-- What you have to do --
An exact copy is required of every line from the one with "Nero giardini junior" through the end of the data below, and the pictures must stay out of it.

-- Data section --

-=-=-=-=-

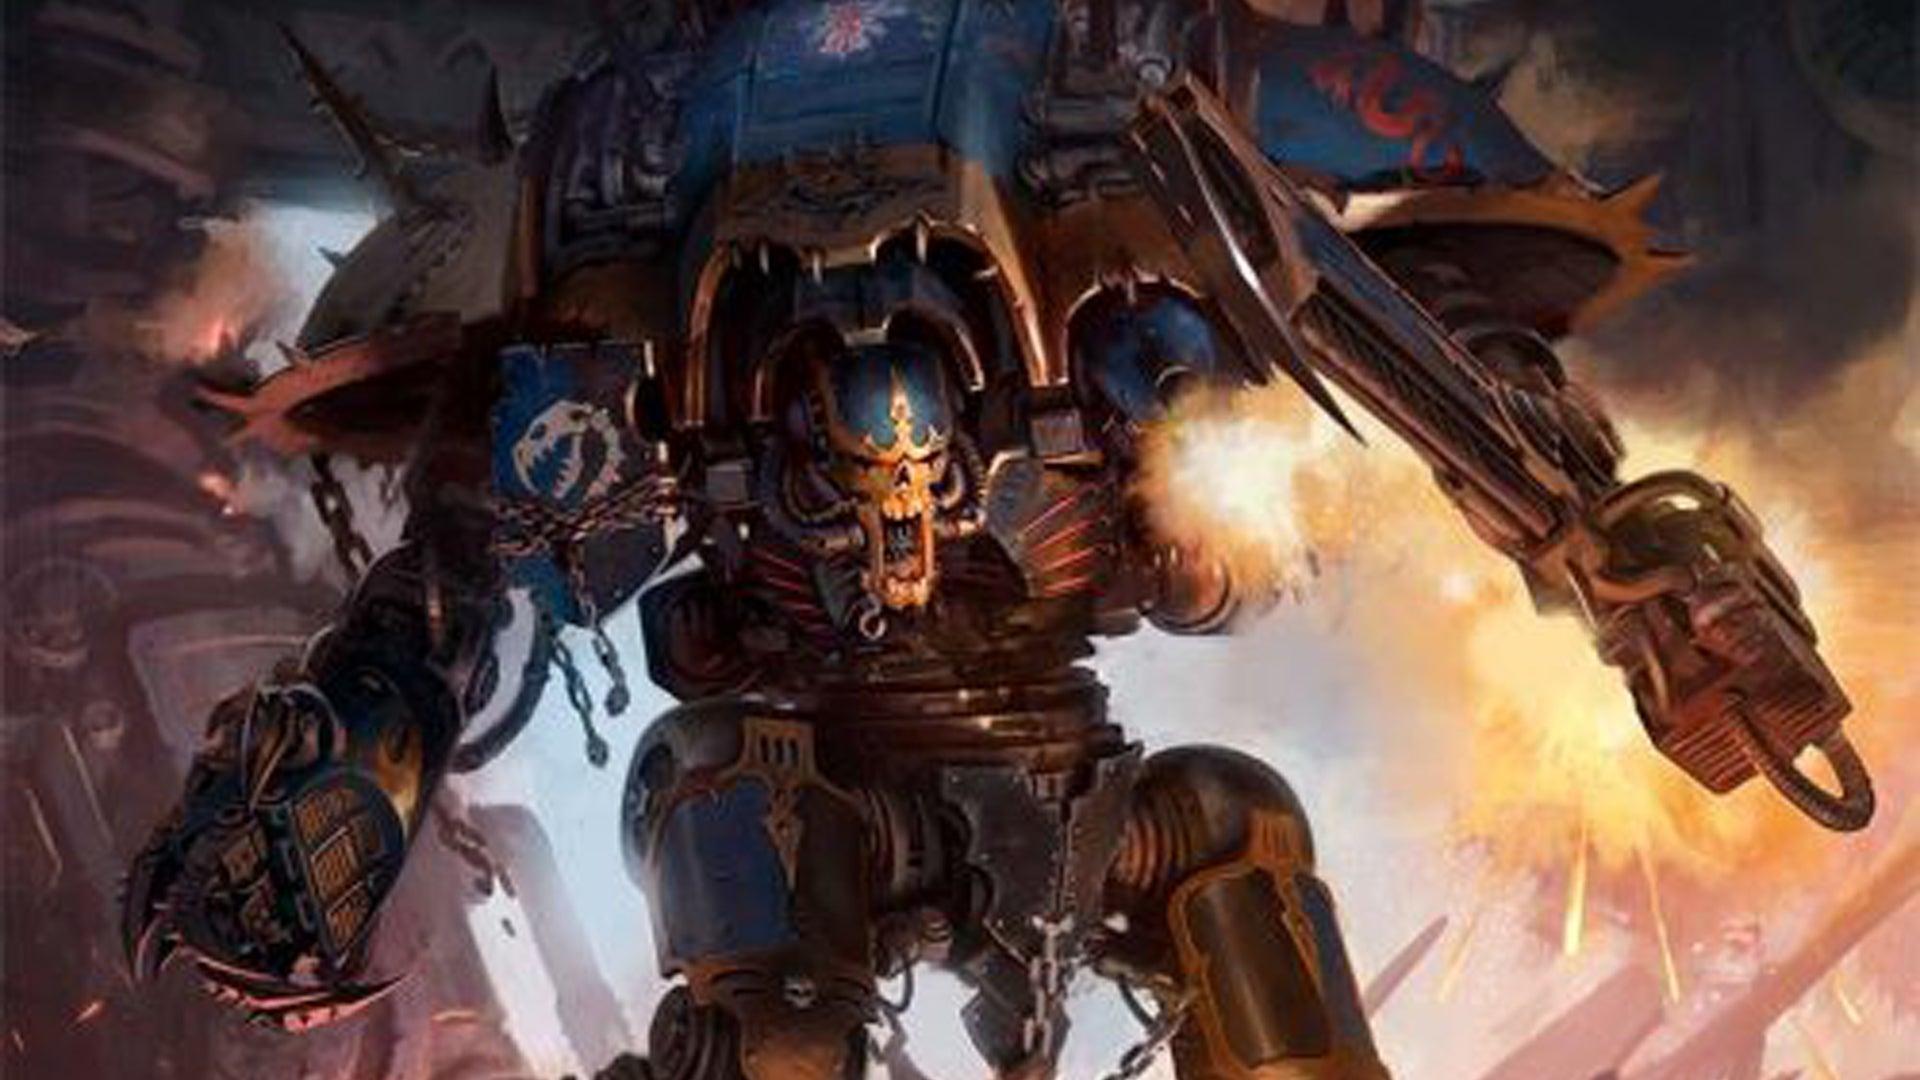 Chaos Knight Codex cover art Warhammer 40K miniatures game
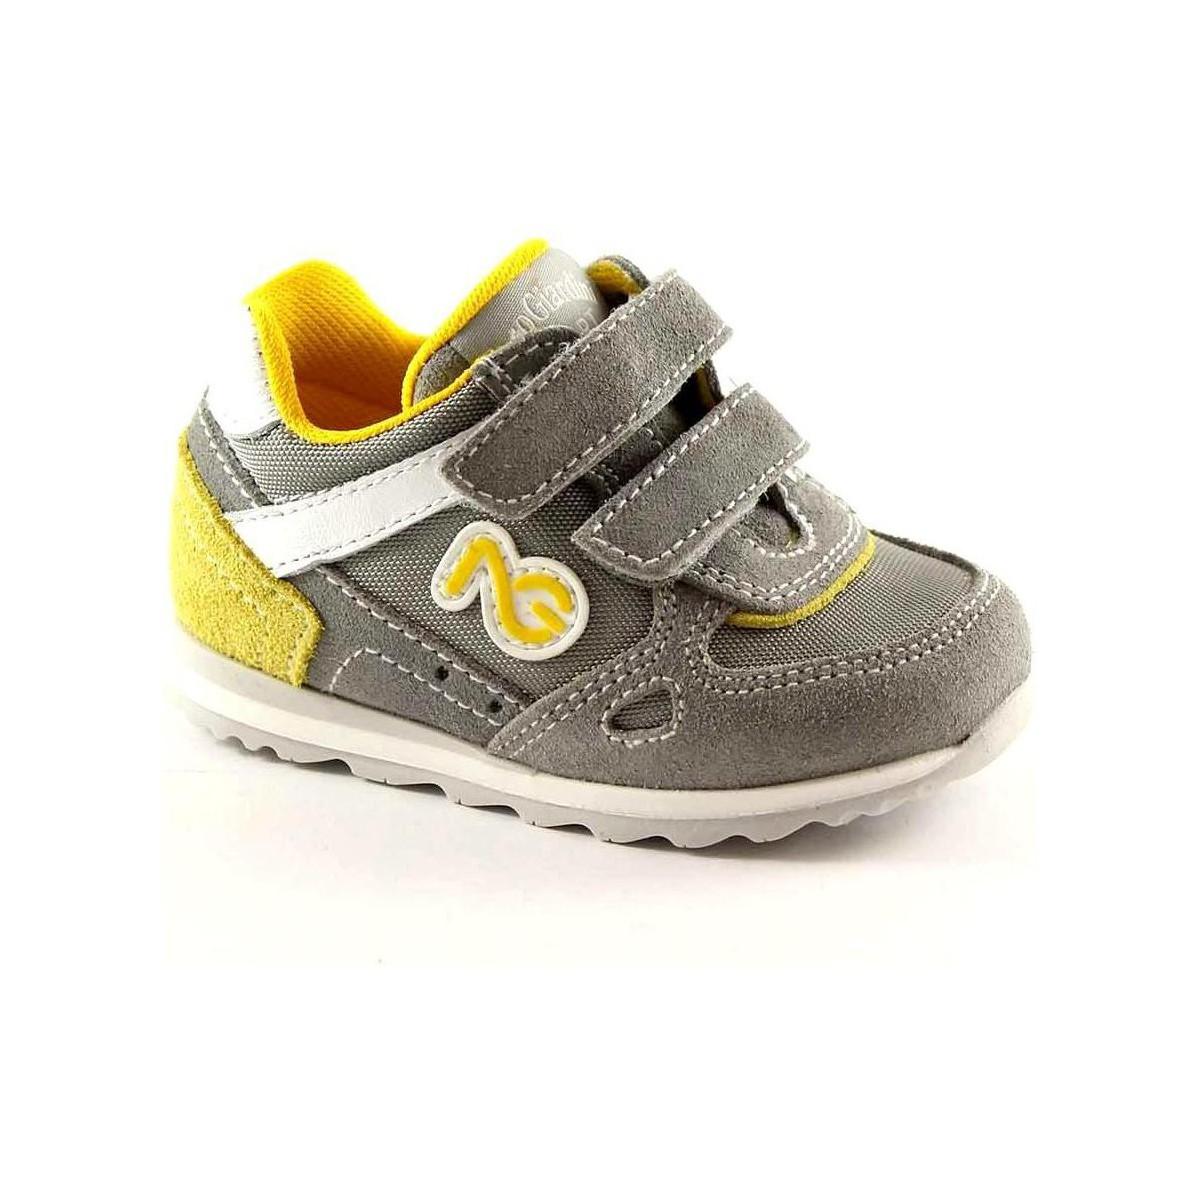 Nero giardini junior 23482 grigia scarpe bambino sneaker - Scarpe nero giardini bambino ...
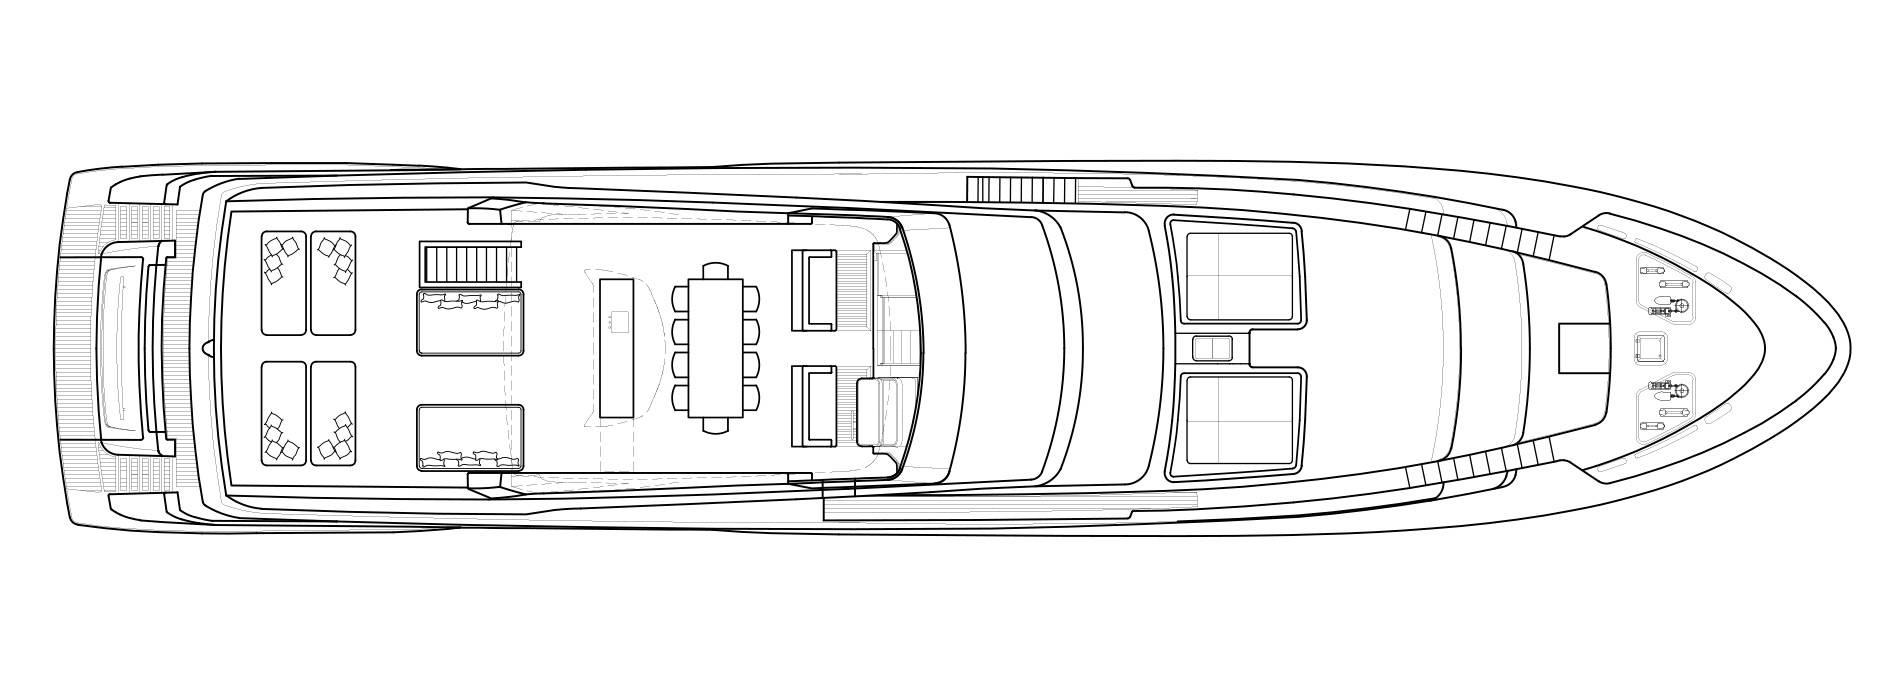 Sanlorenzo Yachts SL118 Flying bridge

-=-=-=-=-

-- Result of this task --
 Nero giardini junior 23482 grigia scarpe bambino sneaker - Scarpe nero giardini bambino ...
 Sanlorenzo Yachts SL118 Flying bridge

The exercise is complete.